The Affordable Housing Blame Game

April 10, 2018

By: Andrew J. Helm

As the City and County of Denver seeks a resolution to the still-developing controversy regarding non-compliance with its affordable housing restrictions, link, Colorado’s regulated professionals are likely all too aware that they currently sit at the bottom of a proverbial hill, and the blame is about to start rolling down.  The progression of blame in these circumstances goes something like this: if you can’t blame the seller, blame the title company; if you can’t blame the title company, set your sights on the real estate brokers.  And with the very real possibility that non-compliant homeowners will need to sell their houses—at a significant loss in many cases—there will be a lot of blame searching for a place to land.
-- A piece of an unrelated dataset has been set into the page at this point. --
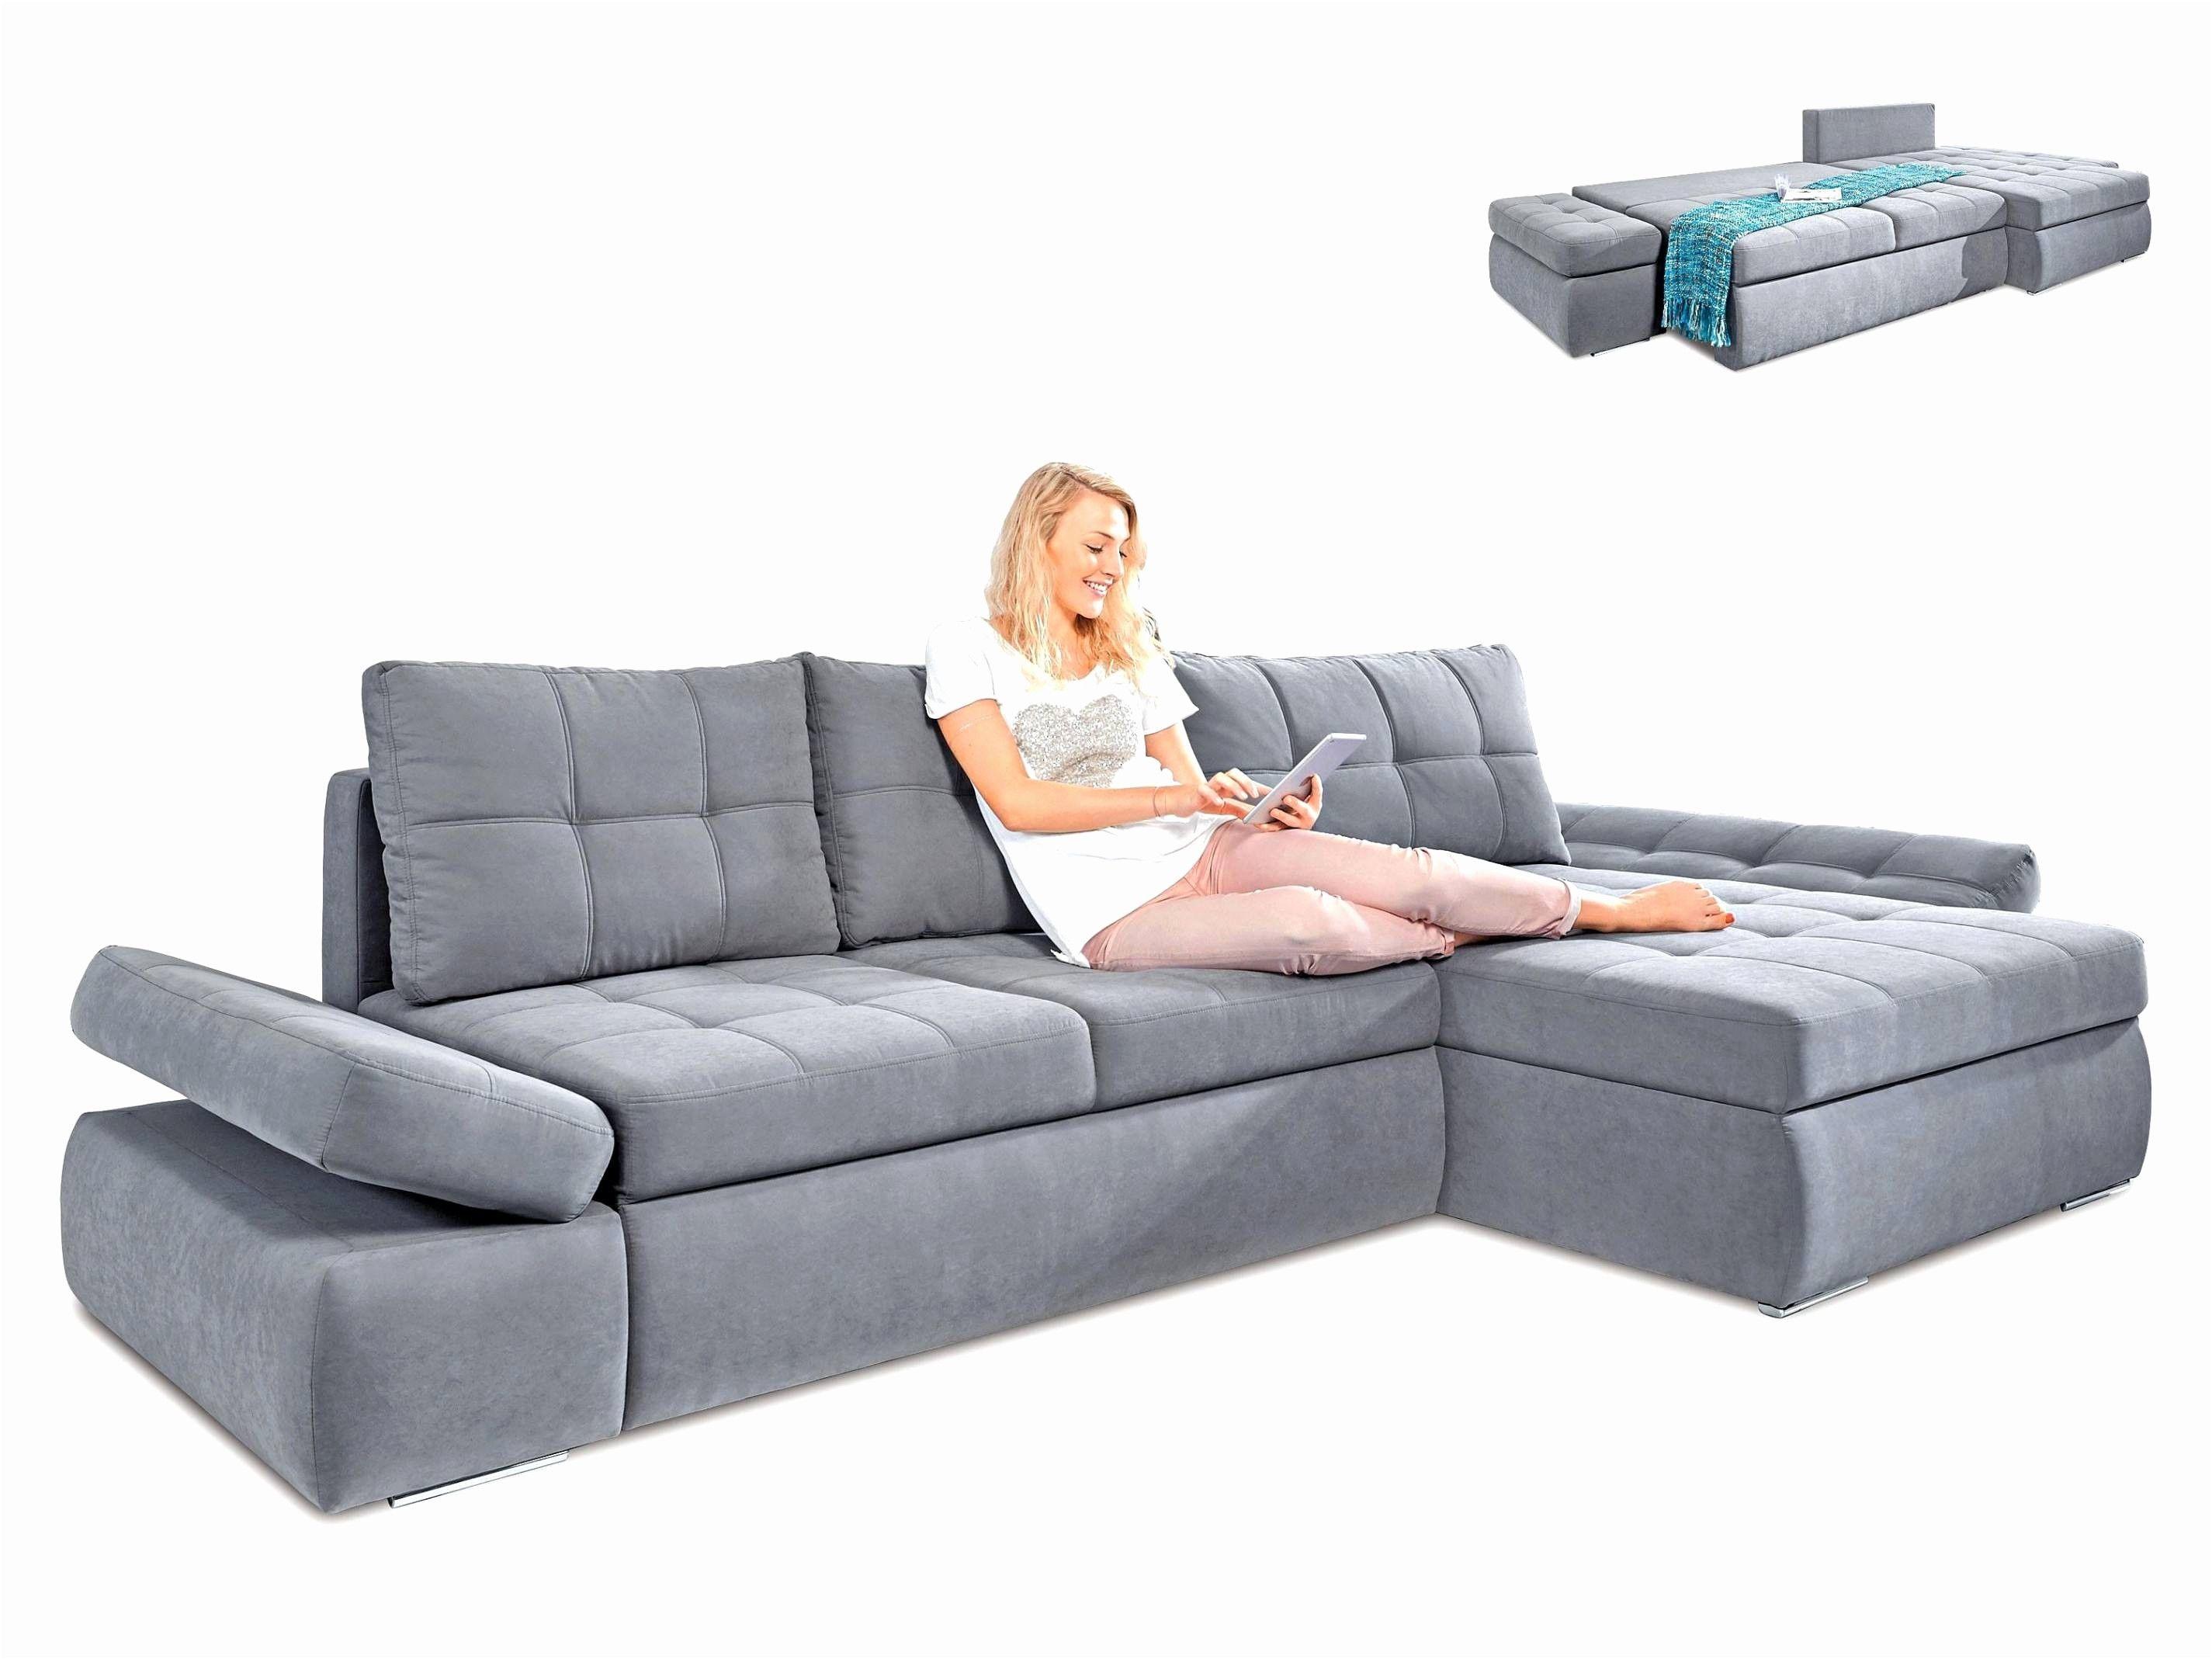 Erstaunlich Xxl Ecksofa Mit Schlaffunktion Classic Sofa Diy Sofa Couch

Title companies and agents are typically the first source of disclosure when it comes to deed restrictions and other covenants affecting homes.  If a restriction such as an affordability covenant is recorded in the public records, odds are it is shown one way or another as an exception on a buyer’s title commitment.  Given the lack of economic incentive for lay persons to decipher exactly what a title exception is, and to go even further and read through covenants that could be hundreds of pages long, and especially given the title industry’s justified reluctance to point out specific restrictions within covenants (for fear of accusations of interference with contracts or the unauthorized practice of law), it is unlikely that covenants and restrictions on a title commitment are going to raise alarms for all but the most sophisticated of buyers.

Turn then to the real estate brokers.  While brokers are required to disclose adverse material facts relating to a property, this disclosure is only required for facts actually known by the broker.  While this may appear simple on the surface—if you know about it, disclose it—there is actually a complex calculus involved in determining whether or not to disclose a fact relating to a property.  Is the fact “material”?  Is it adverse?  If a broker is representing the seller, does the disclosure obligation belong to the client instead (bearing in mind that Commission Position Statement CP-46 advises that brokers “should refrain from advising clients about clients’ disclosure duties, which may be different”)?

One thing is almost certain: a homeowner faced with the possibility of selling his or her house at a loss due to governmental regulation is going to have no shortage of attorneys lining up to file court cases or complaints with the Department of Regulatory Agencies (DORA).  Effective representation for regulated professionals—title, real estate, or mortgage—is vitally important, therefore, to assist in reviewing the facts of each case, and in crafting appropriate responses in order to protect licenses and livelihoods.

This Article is published for general information, not to provide specific legal advice. The application of any matter discussed in this article to anyone's particular situation requires knowledge and analysis of the specific facts involved.